7. Right Mode of Transportation
Right Mode of Transportation involves selecting the most appropriate method to move goods from supplier to buyer, balancing speed, cost, security, and nature of goods. Options include road, rail, air, sea, or multimodal transport. In India, with its vast geography and varying infrastructure, this decision is crucial. Perishable goods require refrigerated trucks; urgent orders may need air freight; bulk commodities like coal suit rail transport. For example, an importer in Delhi sourcing electronics from China must choose between sea freight (cheaper but slower via Mumbai port) and air freight (faster but expensive). The right mode considers transit time, cost, fragility of goods, insurance requirements, and customs clearance efficiency.
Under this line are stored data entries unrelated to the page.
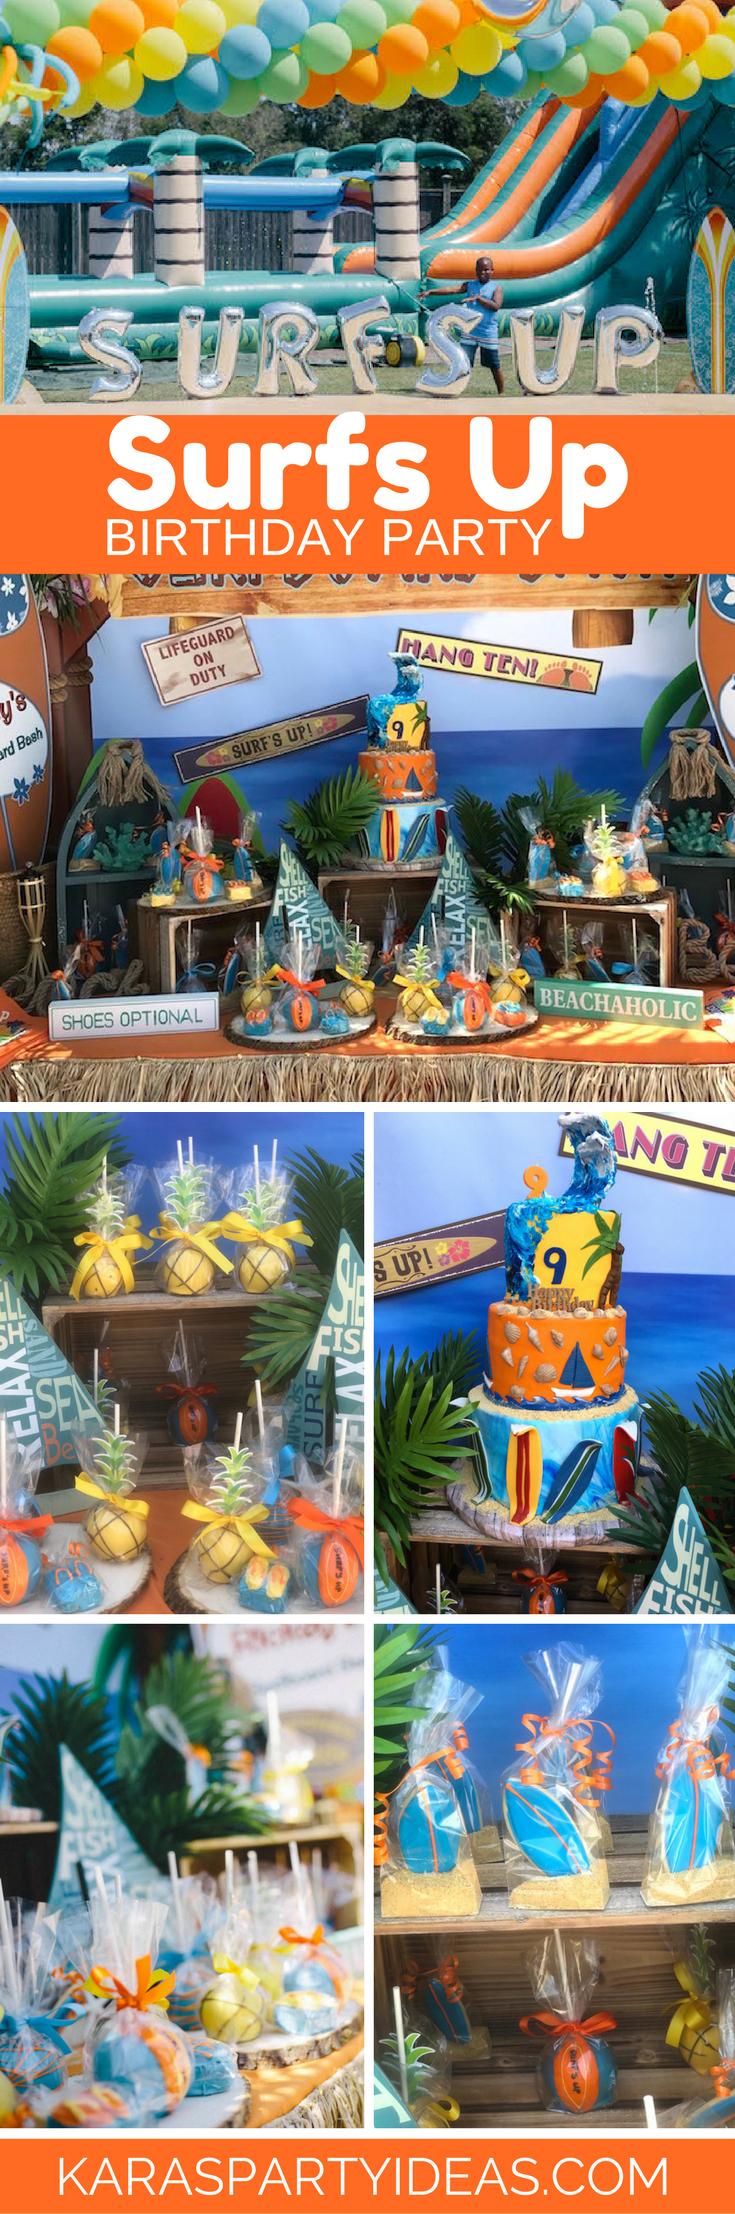 Surfs Up Birthday Party via Kara's Party Ideas - KarasPartyIdeas.com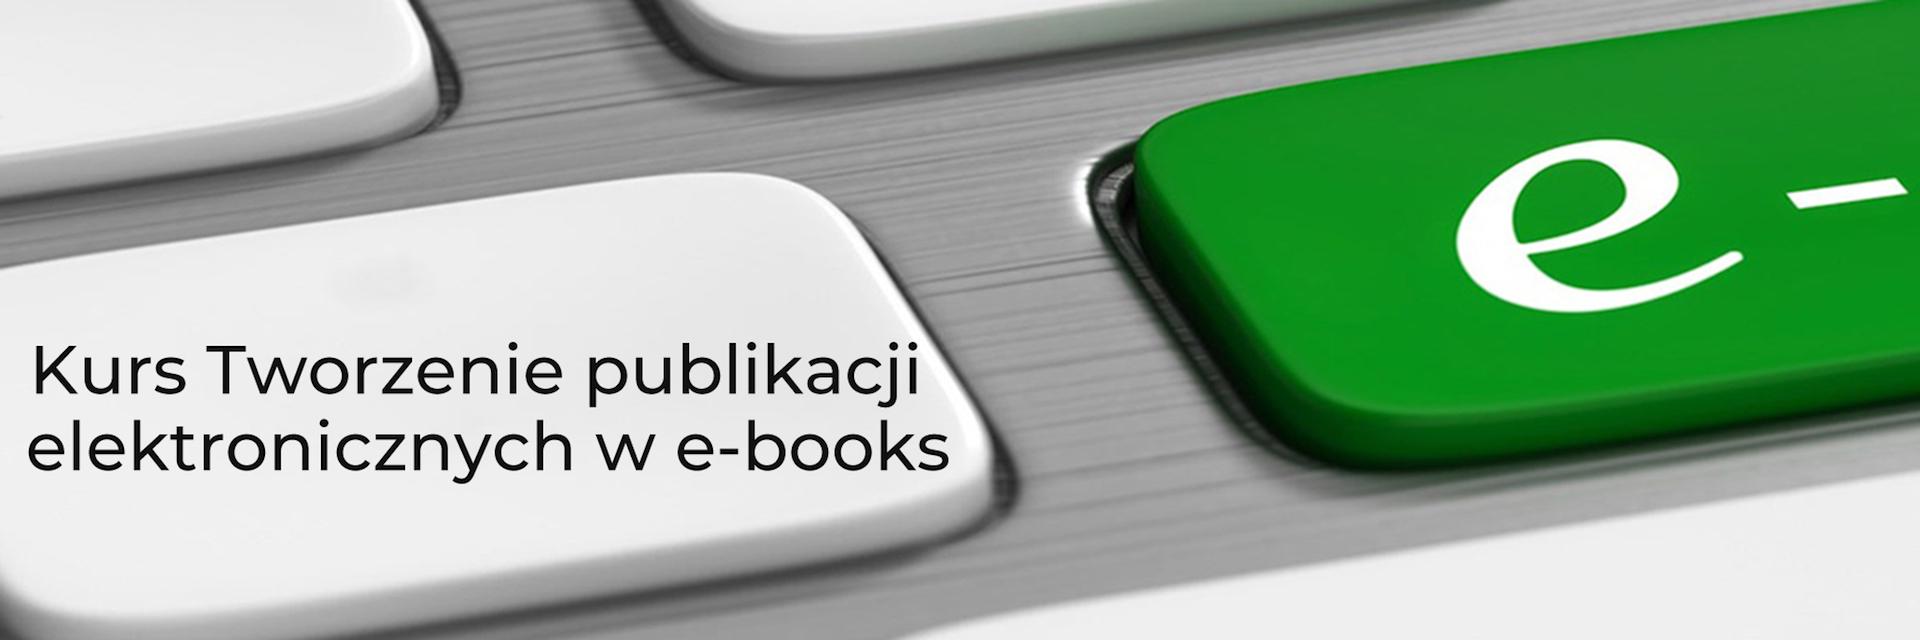 Kurs e-publikacji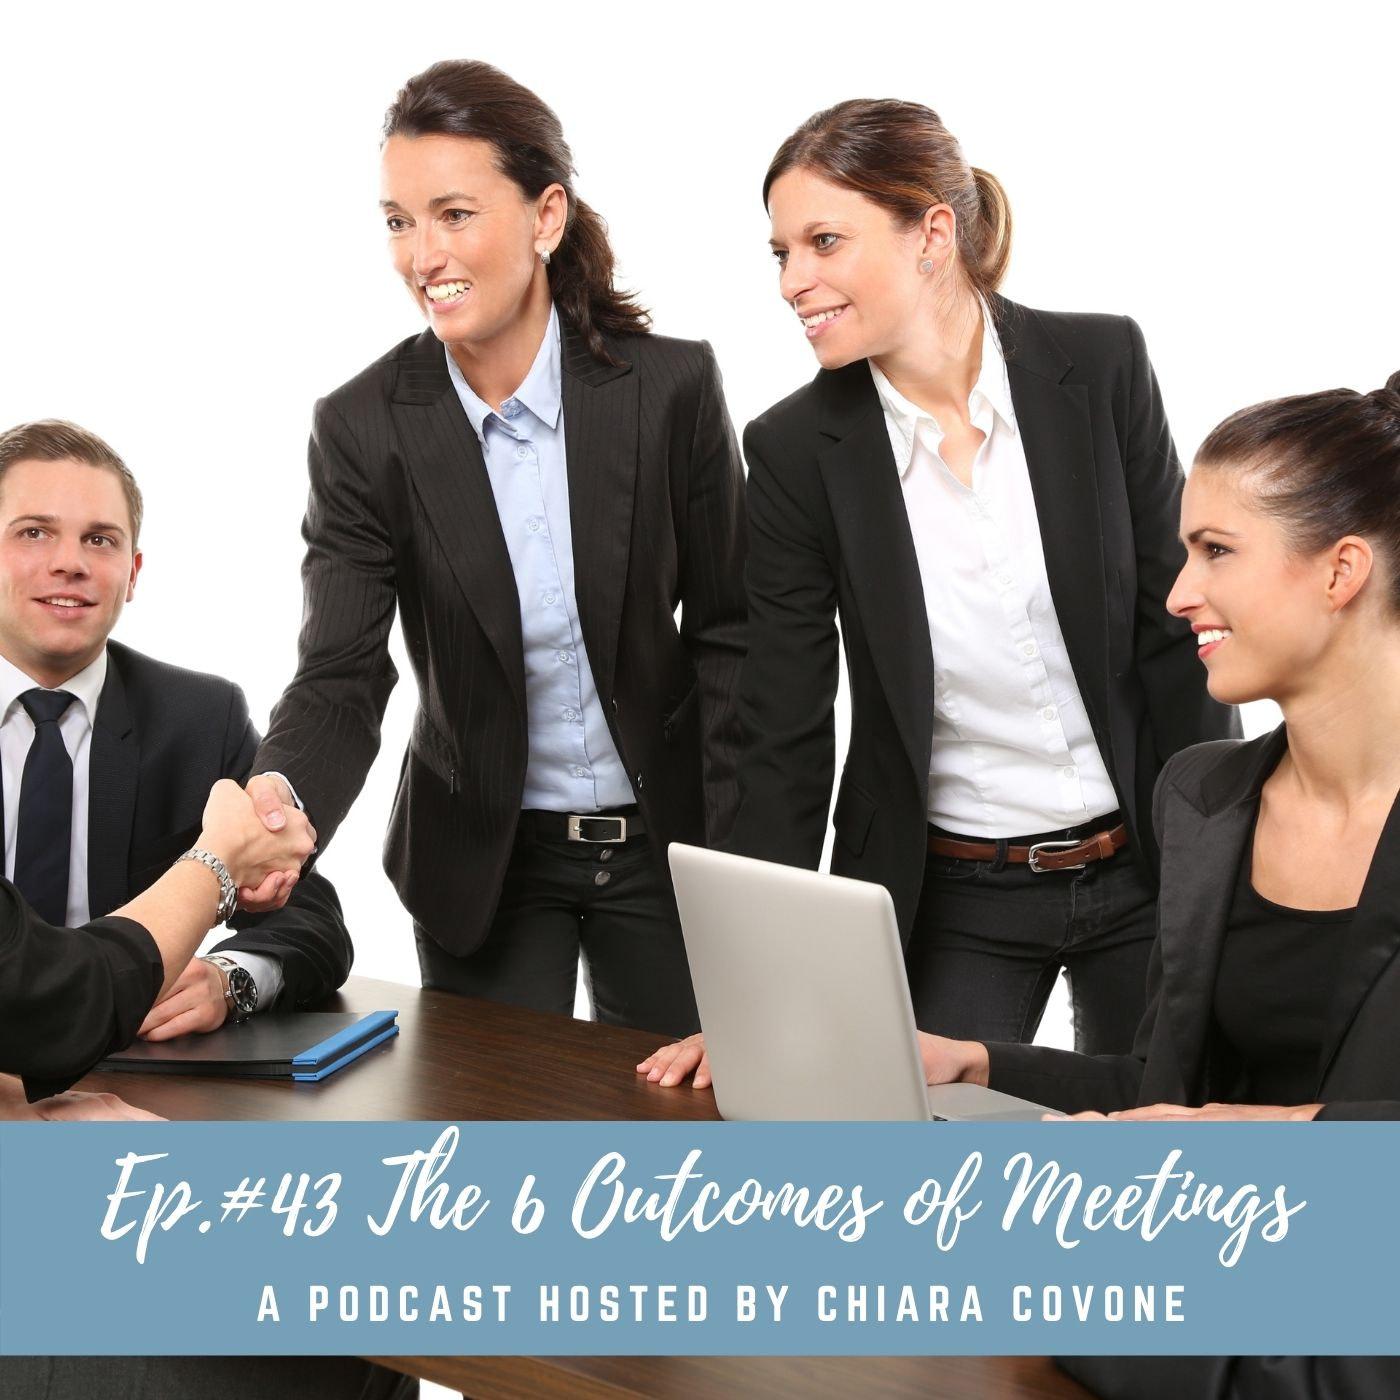 Innovation Made Easy Podcast

8. Right Terms and Conditions
Right Terms and Conditions refers to establishing clear, mutually agreed contractual terms that protect both buyer and supplier interests and prevent future disputes. This includes payment terms (advance, credit period), delivery terms (FOB, CIF), quality guarantees, warranty periods, penalty clauses for delays, and dispute resolution mechanisms. In India, contracts are governed by the Indian Contract Act, 1872, and must be carefully drafted. For example, a government PSU purchasing equipment must define liquidated damages for delayed delivery, inspection protocols, and payment schedules tied to milestones. Clear terms and conditions ensure legal protection, set performance expectations, and provide recourse in case of non-performance, making them essential for successful purchasing outcomes.